Identify, Protect, Detect, Respond, Recover

Prevent, Detect, Protect & Respond

Offensive Security

Vulnerability Assessment and Penetration Test

Web Application

This assessment is designed to identify, quantify and prioritize vulnerabilities of a web application by validating and verifying the effectiveness of the application’s security controls.

Examples are:
- Web Portal (cms, custom website etc.)


The network pen-test provides suggestions to better protect sensitive data and prevent take-over of systems by identifying real-world opportunities that can compromise systems and networks.

Examples are:
- Public Subnet
- Private Subnet (LAN, DMZ, etc)

Insider Threat

The aim of this assessment is to simulate actual risks and areas of concern by impersonating a disgruntled employee or a fraudulent consultant trying to steal info/data or to allow others to get inside the company’s perimeter.

Testing Assignment
Black Box

In this assignment, there is no internal knowledge of the target system.
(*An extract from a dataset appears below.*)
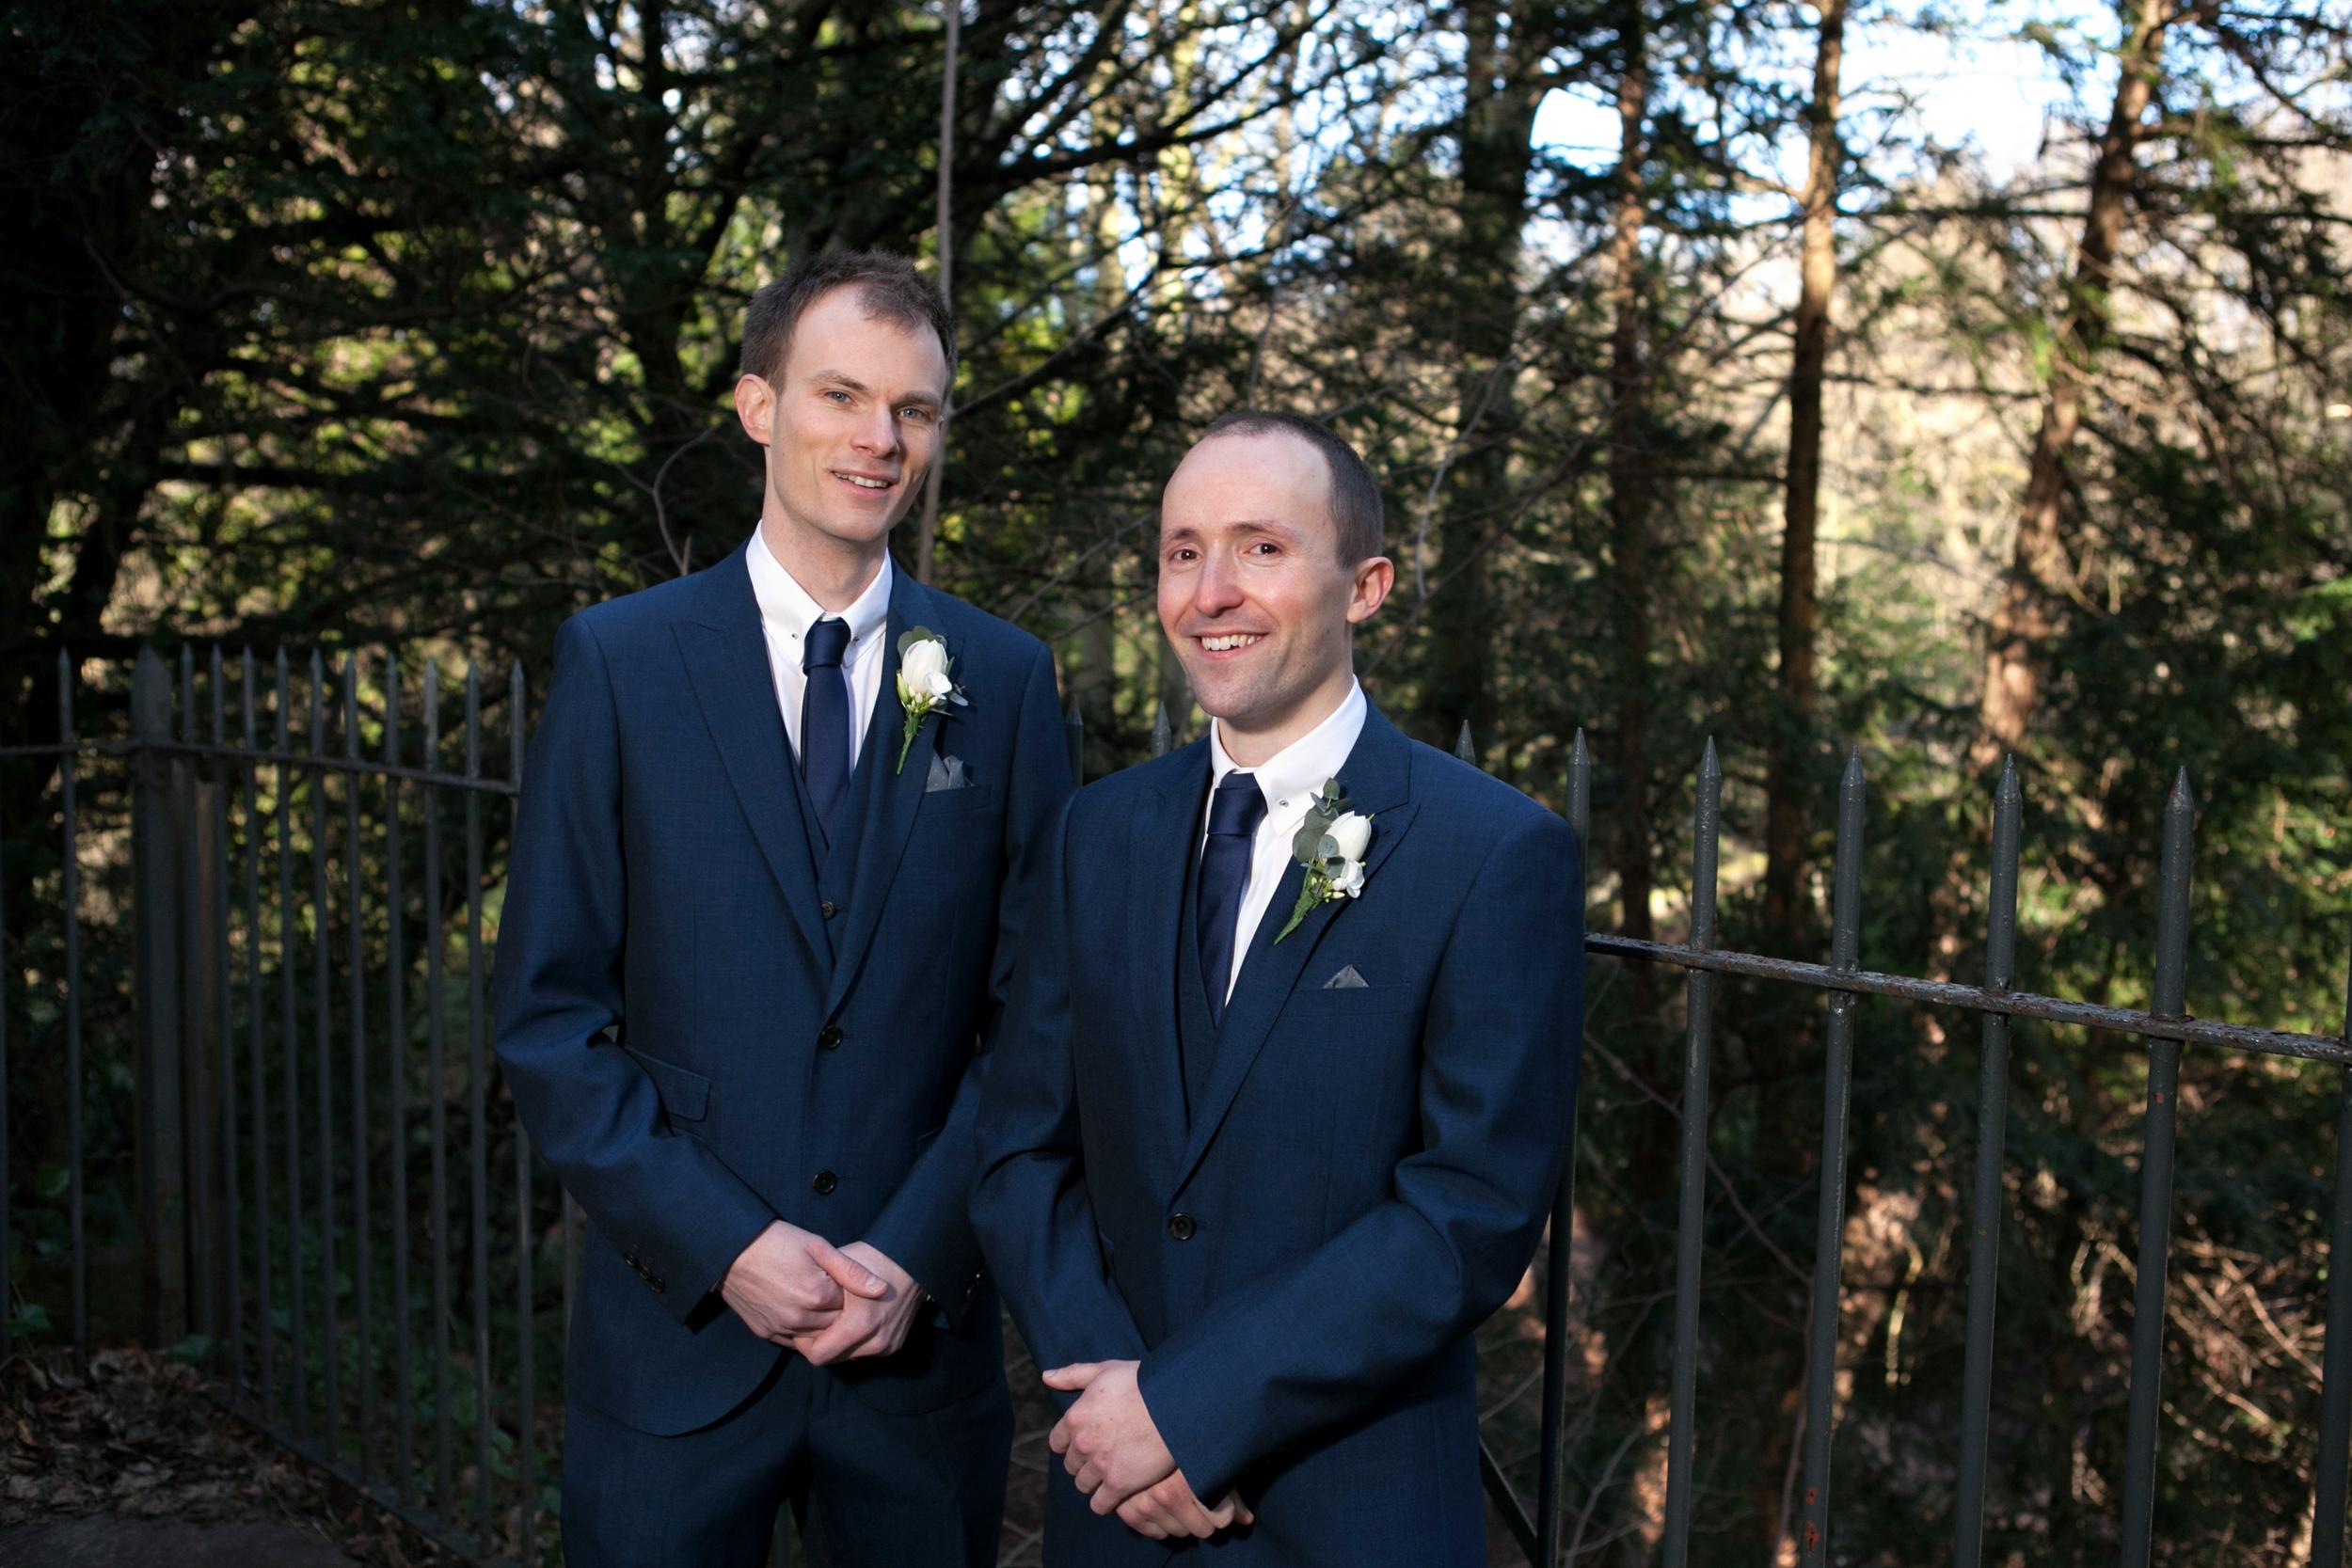 jesmond dene house wedding photos.jpg

Testers are not provided with any architecture diagrams or source code that is not publicly available. A black-box penetration test determines the vulnerabilities in a system that are exploitable from outside the network.

Grey Box

A grey-box test is made with the access and knowledge level of a user, potentially with elevated privileges on a system. Grey-box pen-testers typically have some knowledge of a network’s internals, potentially including design and architecture documentation as well as an account internal to the network.

White Box

During a white box test, pen-testers are given full access to source code, architecture documentation and so forth. The main challenge with white-box testing is sifting through the massive amount of data available to identify potential points of weakness.

Activity Flow

- Definition of activities and scope
- Definition of the rules of engagement
- Project execution
- Reporting


- OWASP (Open Web Application Security Project)
- OSSTMM (Open Source Security Testing Methodology Manual)
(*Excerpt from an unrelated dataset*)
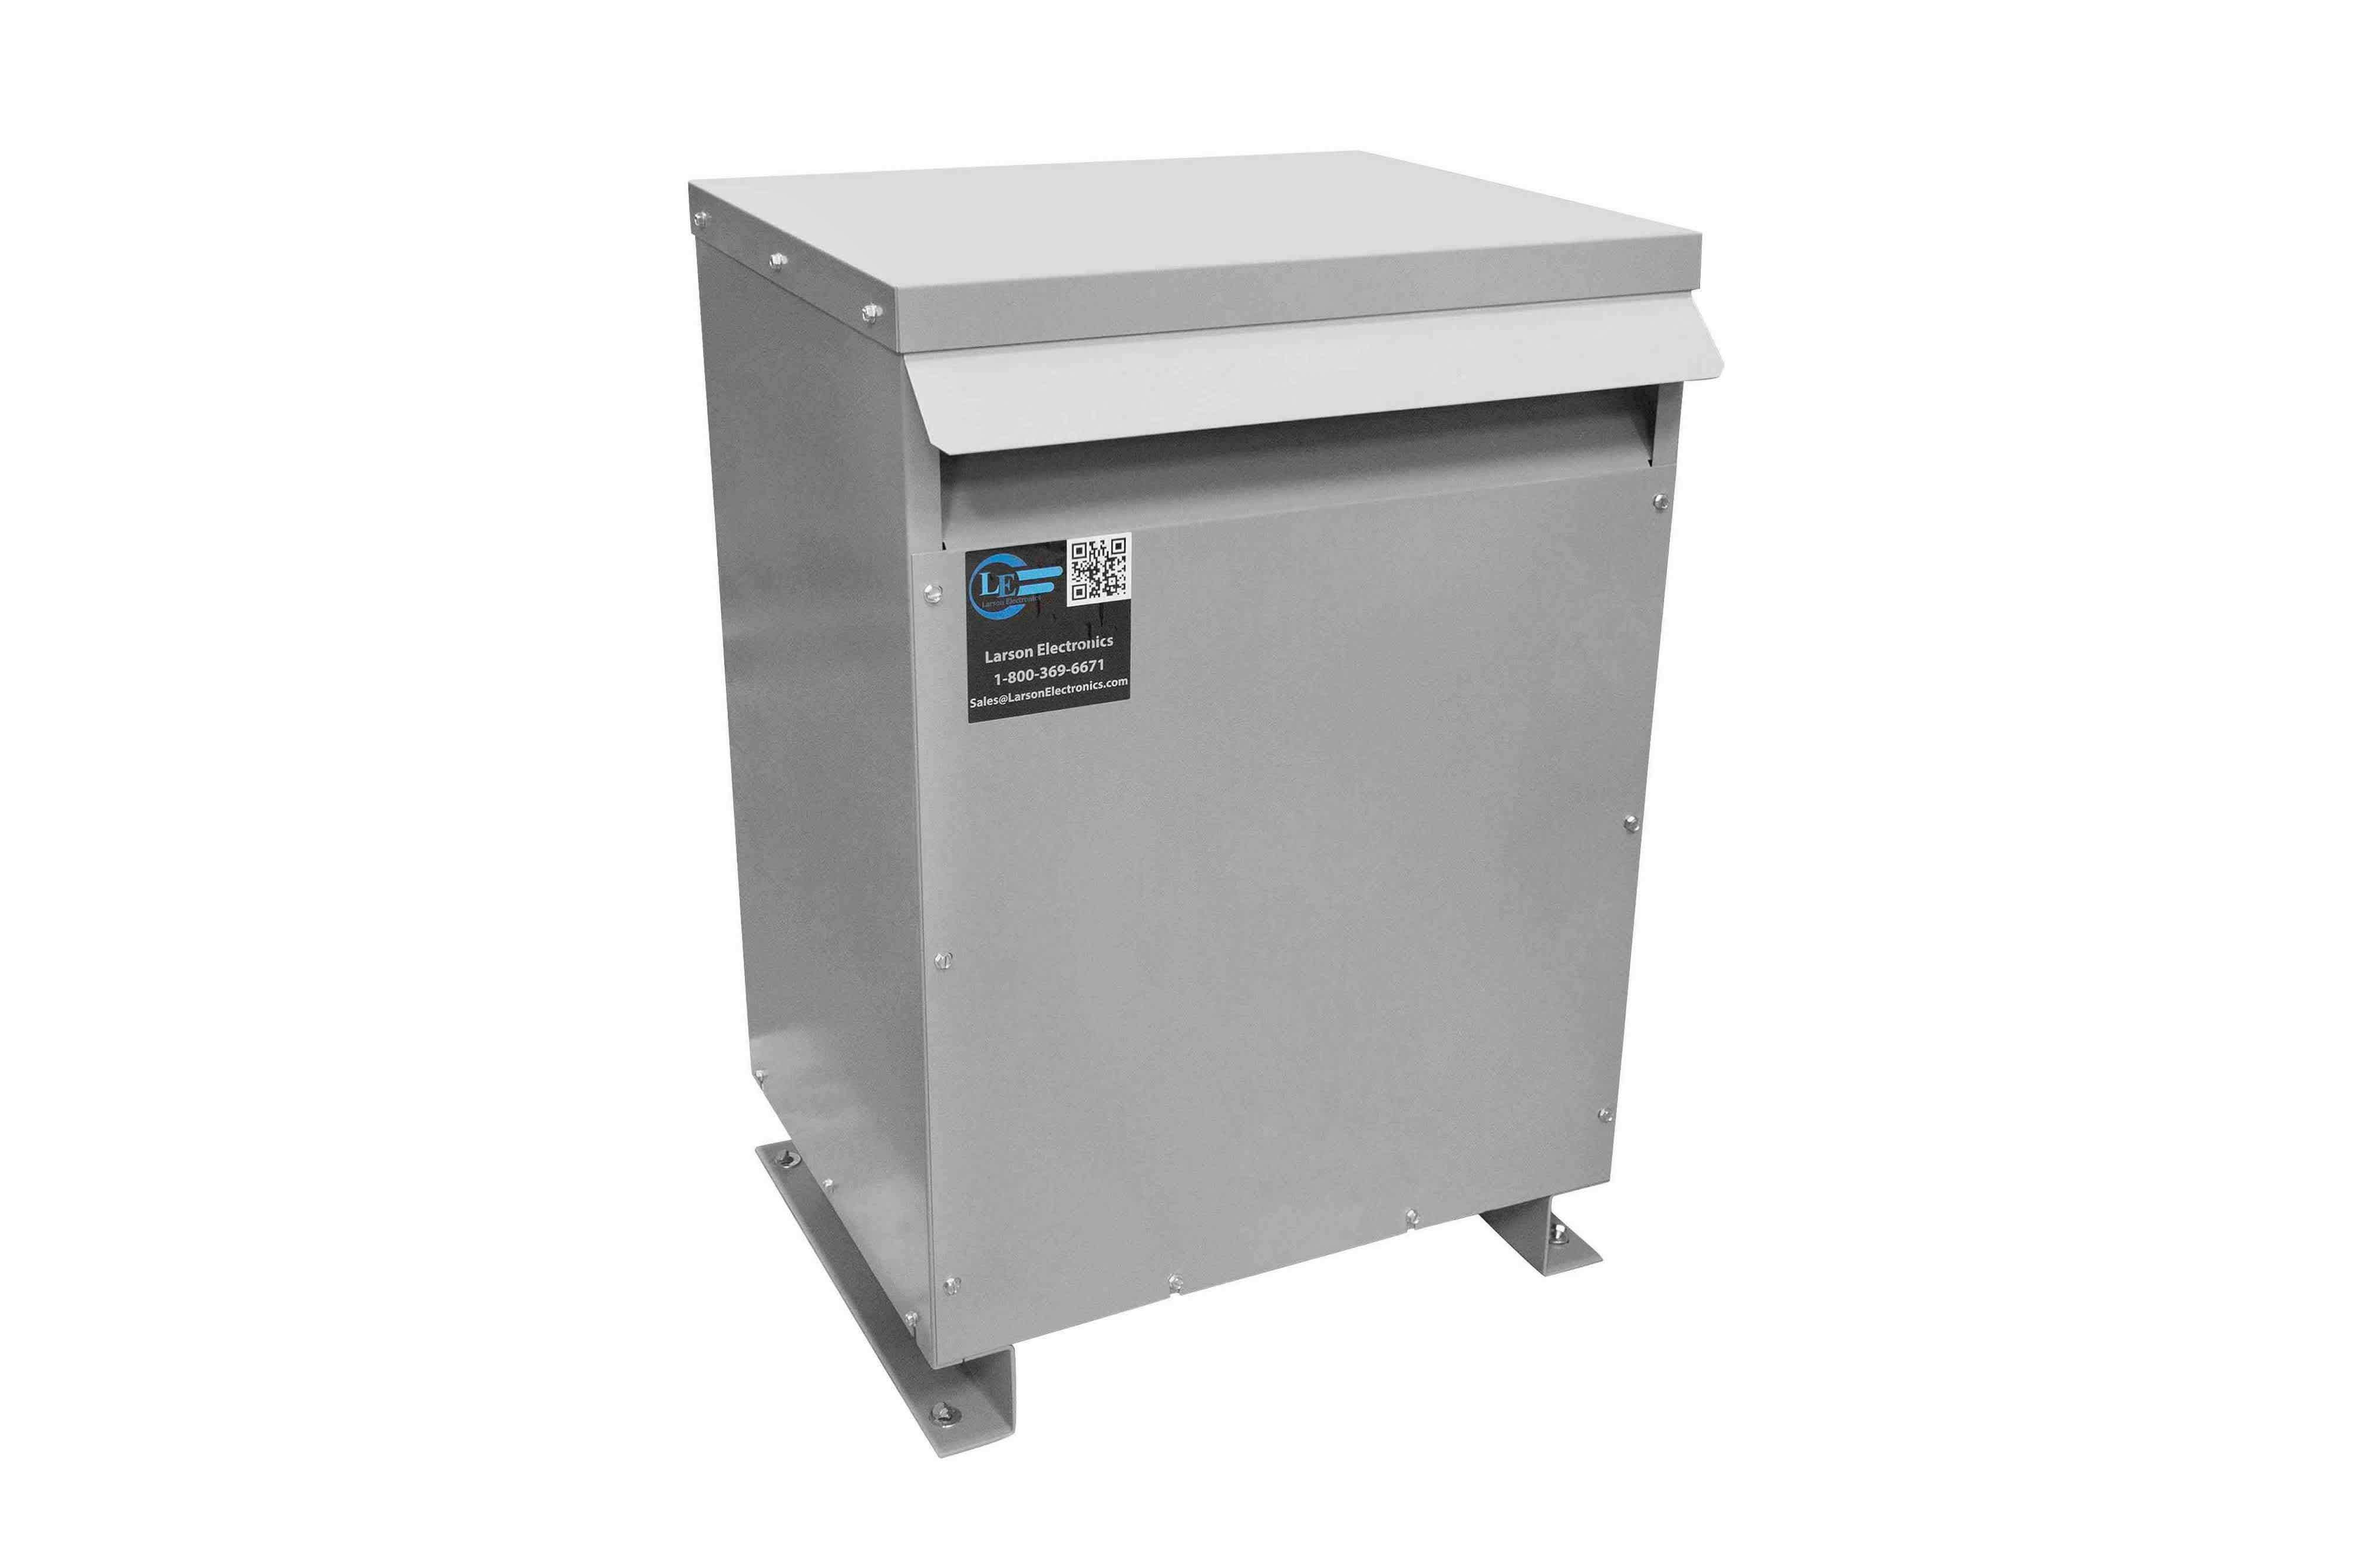 32.5 kVA 3PH Isolation Transformer, 460V Delta Primary, 600V Delta Secondary, N3R, Ventilated, 60 Hz

- CVSS3 (Common Vulnerability Scoring System Version 3.0)

Security Consulting

Source Code Analysis

This type of analysis is not the basic automated code debugging: by looking at the broader perspective of the application environment, the aim is to find bugs and faults that may not be obvious to a programmer. It is meant to find faults like possible buffer overflows or untidy use of pointers and misuse of garbage collection functions, all of which may be exploitable by a hacker.

Gap Analysis

Gap analysis is the examination of the actual security level against the potential or desired risk level, based on best practices and current law. The current state (As Is) is depicted and the steps to reach the expected state (To Be) are described. The methodology refers to standards such as the ISO 27001, NIST.

Digital Risk

In the most basic form, digital risk is the analysis of the risk to an organization’s digital resiliency. As an organization extends its social media presence, web presence, mobile application capabilities, etc., and has a greater dependency on that digital footprint to achieve its revenue goals or mission, the digital risk increases. Digital risk spans outside the traditional view of cyber threat intelligence tools and technologies. Typical examples are OSINT, SOCMINT.

Phishing Education

In order to increase the ability of the end user to spot fake or potentially harmful messages, via email or other media, it is mandatory to test your employee with generic or spear phishing attacks and to evaluate their response; this activity allows the company to assess the related security risk.

Security Awareness

Employees are part of an organization’s attack surface, and ensuring that they have the know-how to defend themselves and the organization against threats is a critical part of a healthy security program. Security awareness training is not a one-and-done exercise. Regular security training through multiple media is ideal.